With an innovative combination of robotics and artificial intelligence, Boston Dynamics has reimagined four-legged mechanical wonder Spot as a charismatic tour guide.
Armed with the power of OpenAI’s ChatGPT and other large language models (LLMs), Spot has been transformed from an audit assistant into an interactive robot that can chat, answer questions, and offer tours with a touch of fun and nuance.
This evolution in Spot’s capabilities is a result of Boston Dynamics exploring the broad potential of foundational models—complex AI systems that are trained on extensive data sets and can exhibit emergent behavior.
From Control to Interaction
Previously known for his inspection skills, Spot now gains new abilities as he wanders the halls of Boston Dynamics. Equipped with an array of sensors and AI-powered speech and text recognition tools, Spot demonstrates a remarkable ability to interact with people in real time. This interaction isn’t just about presenting dry facts; it’s about creating an engaging, informative experience that may include some impromptu role-playing and even humor.
Technical crew
This transformation required Spot to be equipped with a vibration-resistant speaker housing to project its new sound. Controlled by an external computer using Spot SDK, the robot integrates OpenAI’s ChatGPT API upgraded to GPT-4 and various open source LLMs. Spot’s tour guide persona is also enhanced by visual question-answering patterns that allow him to identify objects he “sees” with his cameras and answer questions about them.
Emerging Behaviors
Spot’s interactions during the tours revealed unexpected behavior, such as independently asking for help or identifying ‘parents’ among older robot models. While the Boston Dynamics team is quick to clarify that this doesn’t mean LLMs are conscious or intelligent in a human-like way, these actions highlight AI’s capacity to make statistical associations and adapt to new contexts.
Human Touch
To contribute to Spot’s human-like interactions, the team used text-to-speech services and programmed body language into the robot, allowing its robotic arm to turn towards people and ‘talk’ to them by mimicking the movements of a human mouth.
Challenges and Prospects
Despite the successes, the team also acknowledges limitations, such as the LLM’s tendency to fabricate answers or the awkwardness of delayed answers. However, the team is optimistic about the future, envisioning a world where robots understand and act on verbal instructions, reducing the learning curve for human users and increasing the utility of robots in a variety of fields.

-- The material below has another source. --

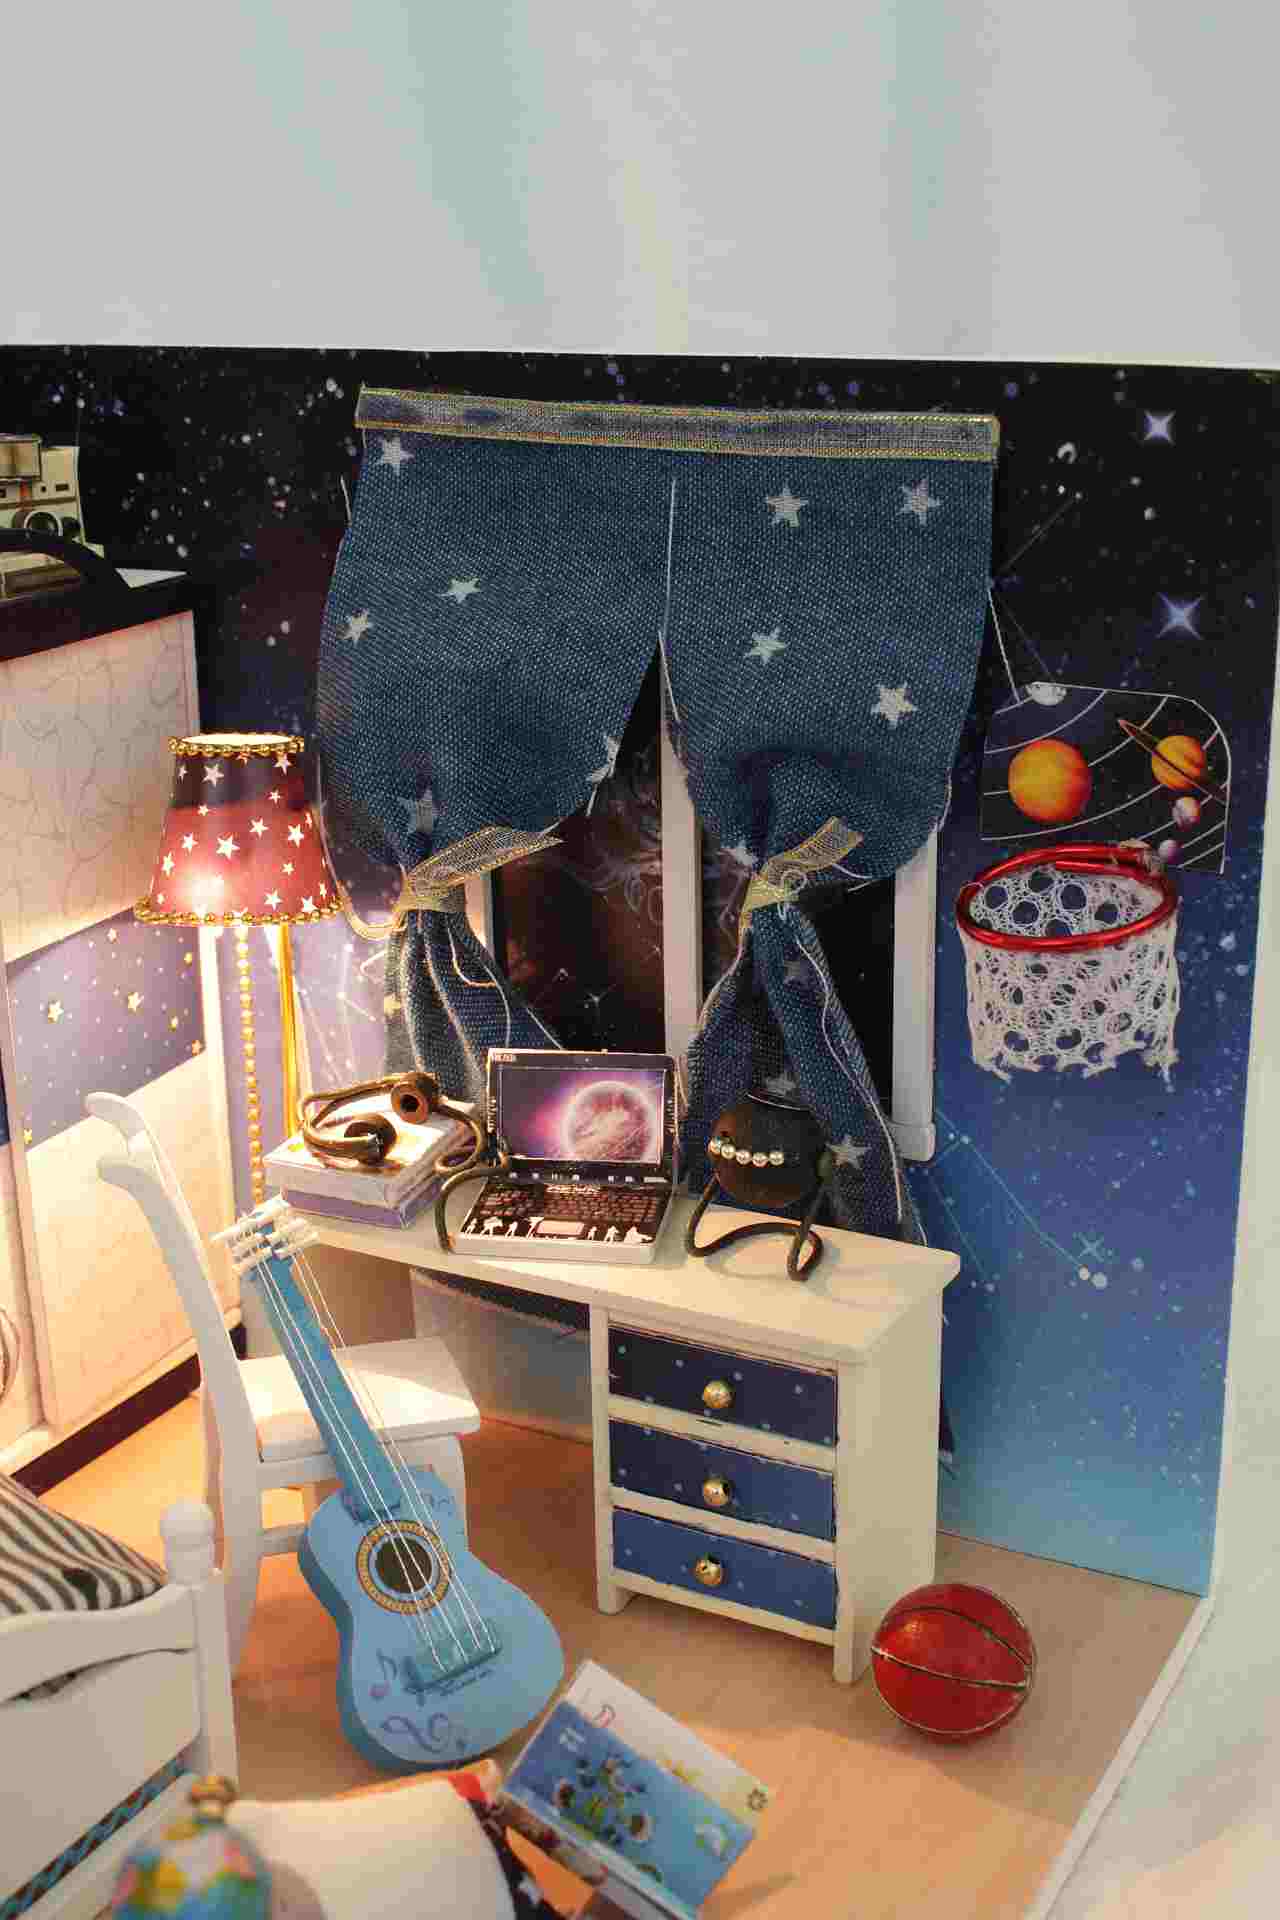 Wooden Miniature Dollhouse Furniture Kits 'Take You to See the Stars' w/LEDs, Dust Proof Cover and Glue Handmade Gifts Craft Presents

Spot’s new role as a tour guide represents a significant step in the ongoing convergence of artificial intelligence and robotics. It highlights the potential of these technologies to provide not only functional benefits, but also cultural context and a whimsical touch to our interactions with machines. The experience gained from this proof of concept promises to pave the way for even more sophisticated and seamless human-robot collaborations in the future.